Robin Lewin KZSC UCSC

Opinion December 6, 2017

Plus Letters to the Editor

Editor's Note

Steve Palopoli Profile Photo

I was scheduled to be on KZSC’s Talkabout show last Wednesday night, and I knew we would be talking to our district’s congressmember Jimmy Panetta. Occasionally I get letters to the editor questioning Panetta’s stance on a particular issue, so I decided to take those letters with me to the show, so I could ask Panetta directly about these reader concerns. While we were doing the show, I thought “Wow, this is pretty much as direct as democracy gets.”

I’ve been on KZSC many times over the years, usually on Talkabout, and not only is it wonderful to be able to talk directly with listeners about the issues in our community, but every single time I also walk away with a new story idea for GT, thanks to something that someone has brought up on the show. There’s a real element of democracy to that, too—a free, immediate exchange of ideas you can’t really get in any other form of media.

All that said, my favorite memory of KZSC might be the day in 1995 I was driving down East Cliff Drive with KZSC on when the DJ played Helium’s “Superball.” I had to know what that song was, so I drove straight home and called the station. The DJ answered the phone, and we ended up having a long conversation about music, during which I was madly scribbling down the names of bands—some of which are still among my favorites. I cannot for the life of me remember the name of that show, or the DJ, but that experience crystallized in my mind why I’m grateful for KZSC.

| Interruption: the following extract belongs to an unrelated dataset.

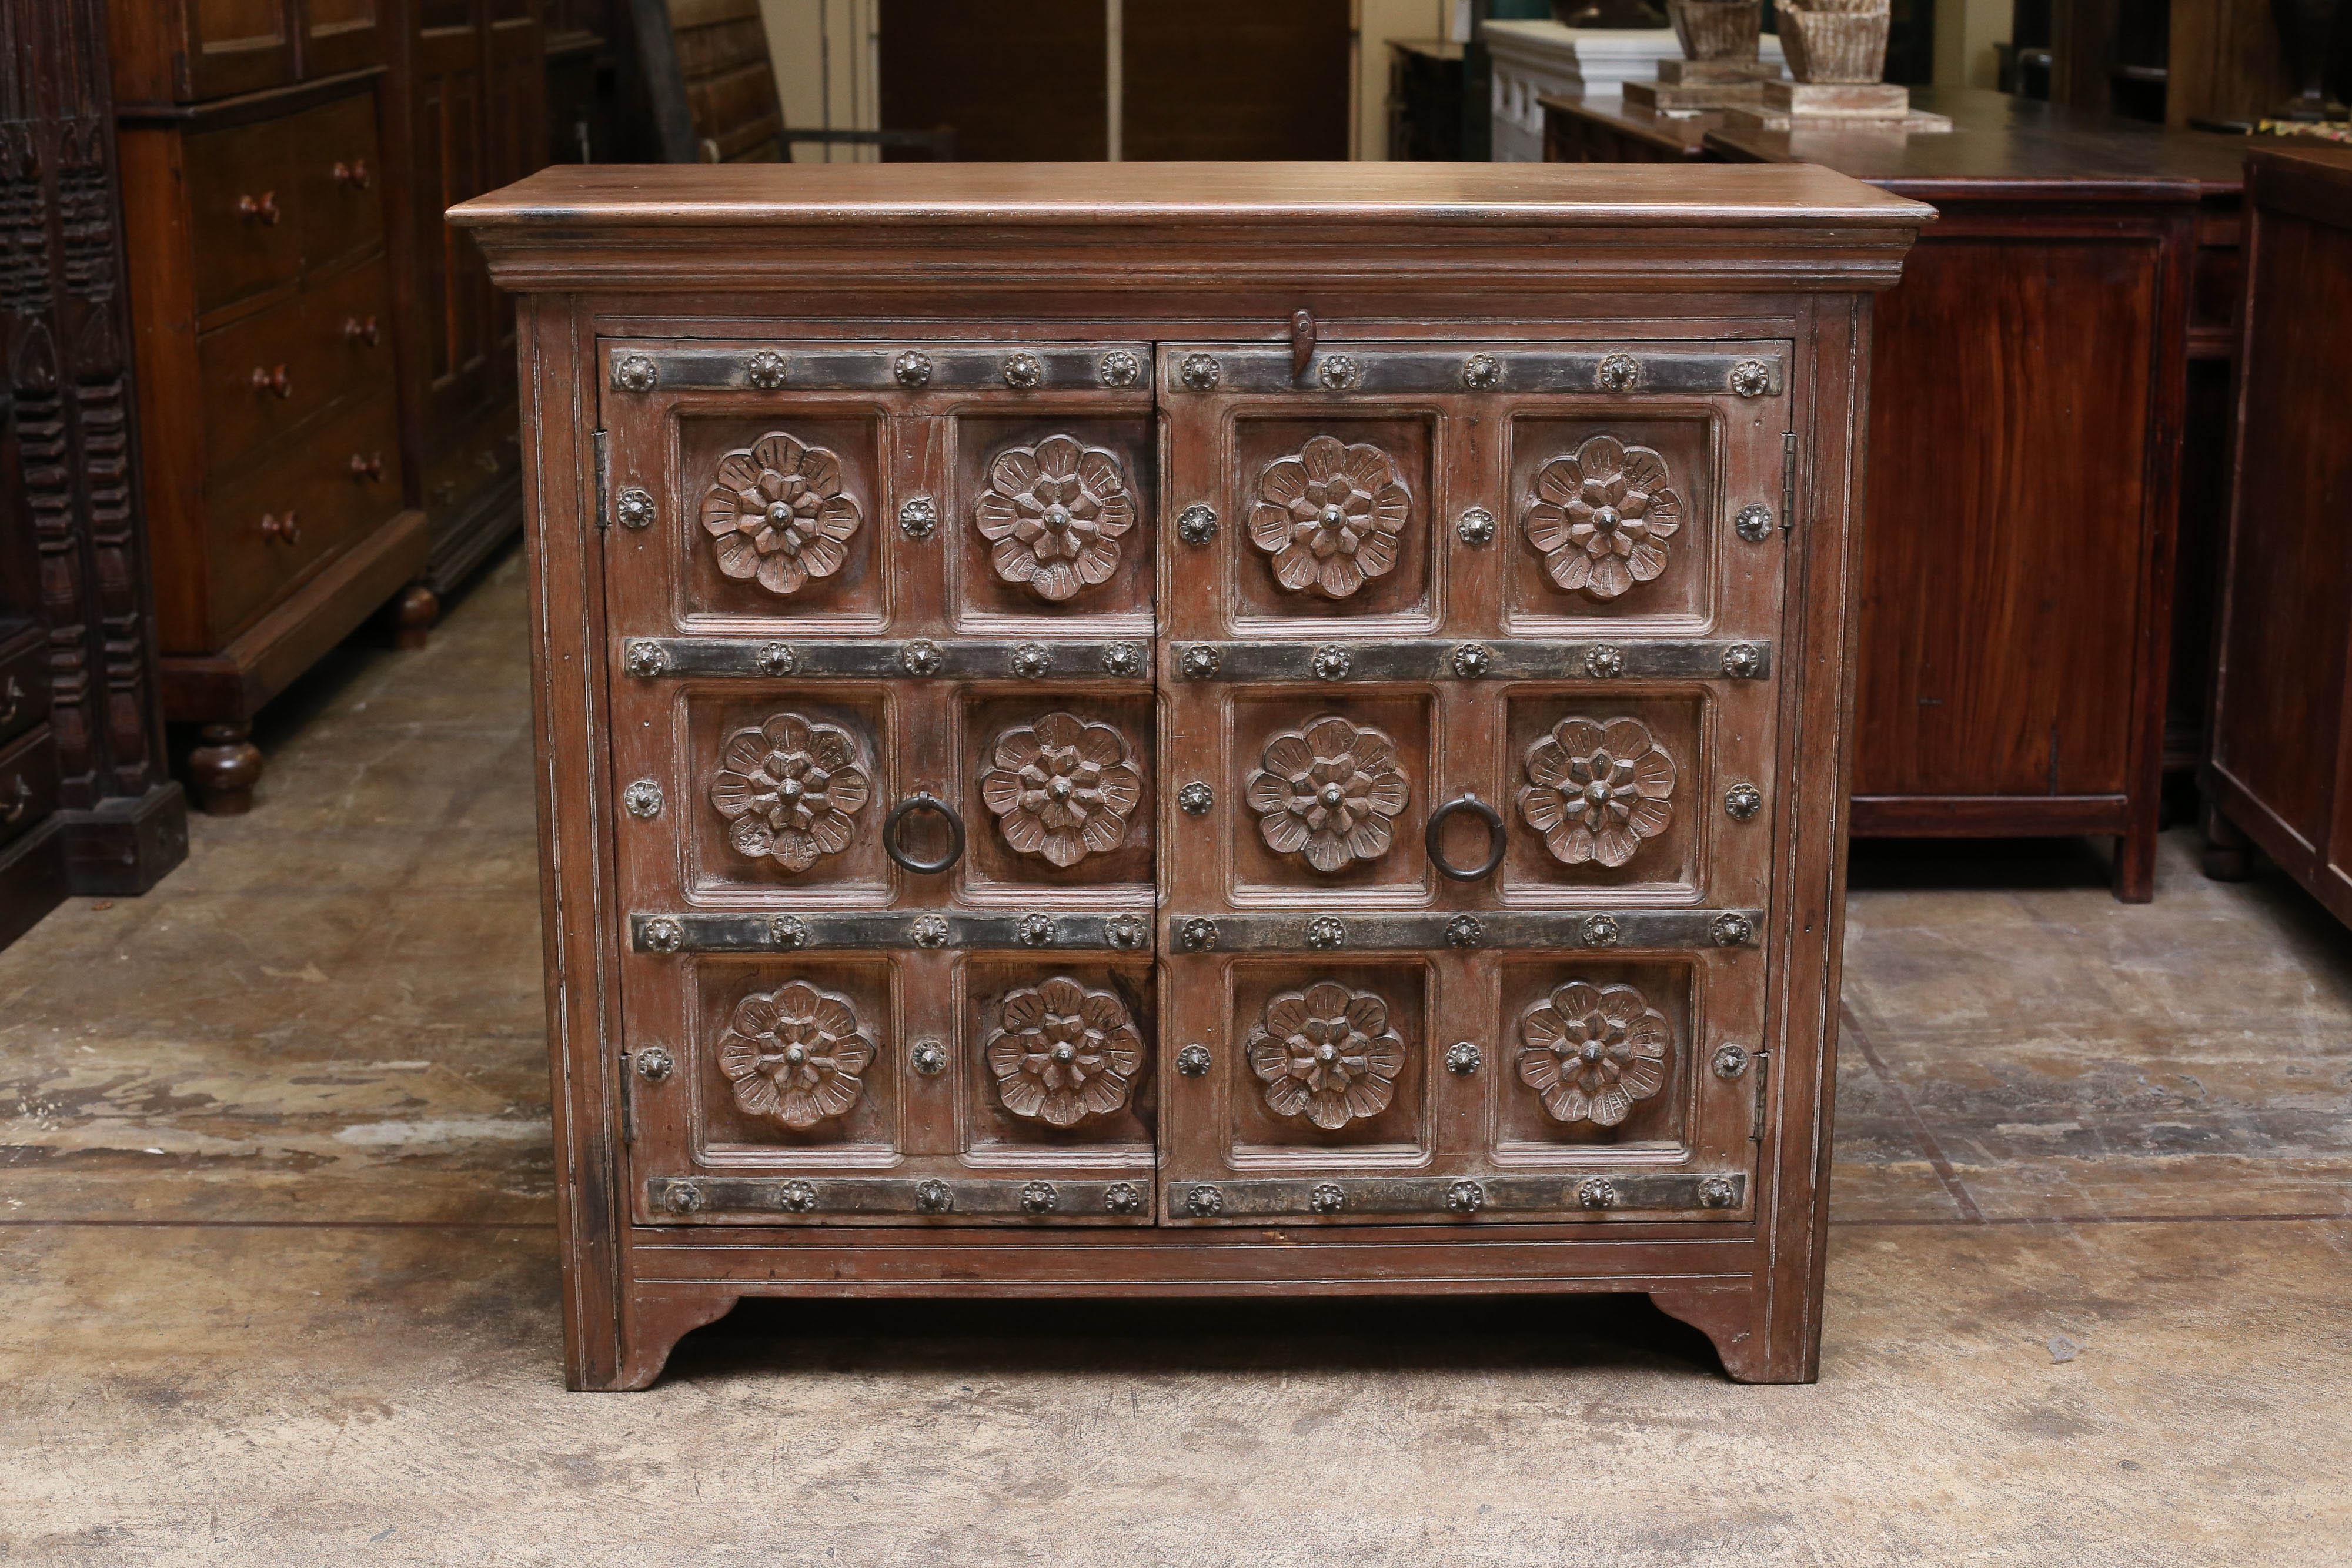 This rustic sturdily made vanity comes from an old Dutch colonial farm located in the plains of the holy river Ganges.
It is made of all teak wood and heavily reinforced with hand-forged iron bars and iron studs and decorated with hand-carved

Check out Georgia Johnson’s cover story about the station’s 50th anniversary, and you might just find a mention of a show or host that’s made you feel the same way—and a hilarious story about one show that almost certainly did not. Happy half-centennial, KZSC!


Letters to the Editor

Support for Benchlands Camp

I was disappointed to read ex-chief Kevin Vogel’s criticism of the legal and well-supervised homeless encampment at the Benchlands (GT, 11/22), because it did not include a suggestion about where Santa Cruz citizens without homes can sleep. Absent that critical information, his criticism just replicates decades of useless, self-defeating and cruel treatment of people without homes. Much appreciation is due to the fresh and constructive approach of our current police chief, Andy Mills. He is supervising a real solution while freeing up police time to fight actual crimes.

Micah Posner | Santa Cruz

Making Ends Meet

I have concerns about the proposed ordinance the Santa Cruz Supervisors are considering regarding short-term hosted rentals.

I’m retired and on a fixed income; renting my open room has allowed me to stay in my home and cover some—certainly not all—of the increased costs of living here in the home I’ve lived in for 30 years.

The current ordinance under consideration, limiting the number of days to rent short-term, singles out us seniors just trying to make ends meet. Why us? And why are the supervisors focused on limiting hosted rentals when vacation homes can rent unlimited days every year?

I hope others see through this misguided attempt to fix the long-term housing crisis in Santa Cruz County. Overly regulating long-term resident seniors who only want to make ends meet is not the way to fix a problem ignored and festering in the community for years. Don’t take it out on us!

Mark L. | Santa Cruz

No to Density

I am opposed to more density in Santa Cruz, and particularly the addition of multi-storied units on the East Side. Recently the platitude of “everyone who wants to live in Santa Cruz should be able to” has been sounded and printed into flyers. This statement is simply not true. When my husband and I were looking to buy a home in Northern California, we looked at Sausalito. Though we liked it, we found it was financially out of reach for us, and so … we moved on and searched elsewhere. Santa Cruz has been our home for 45 years, and we adore living here—and always have from the very start. What we see proposed to happen now within our precious community would alter the footprint and personality of Santa Cruz irreparably, making our hometown less than it is.

No, everyone who wants to live in Santa Cruz cannot live here. Just who is spreading this falsehood and attempting to implement it through unrealistic growth and building within our small 12-square-mile footprint? What is the source of this platitude of “total entitlement?”

What is needed is for our governing board and public services to tend to the needs of our current and often longtime residents, and enhance the quality of living here with improved traffic and parking, less crime, etc. There are many issues here which are being totally ignored in lieu of trying to squeeze more and more housing into our small community—which in turn increases the problems we already have here. The “vision” touted for our hometown is so short-sighted and without true insight—as if our officials have been lured or hypnotized by some fantasy of “more and bigger is better.”

I urge you to “get real”—think about repercussions, think of our future, and please do not move ahead and get caught up with this unrealistic plan for Santa Cruz.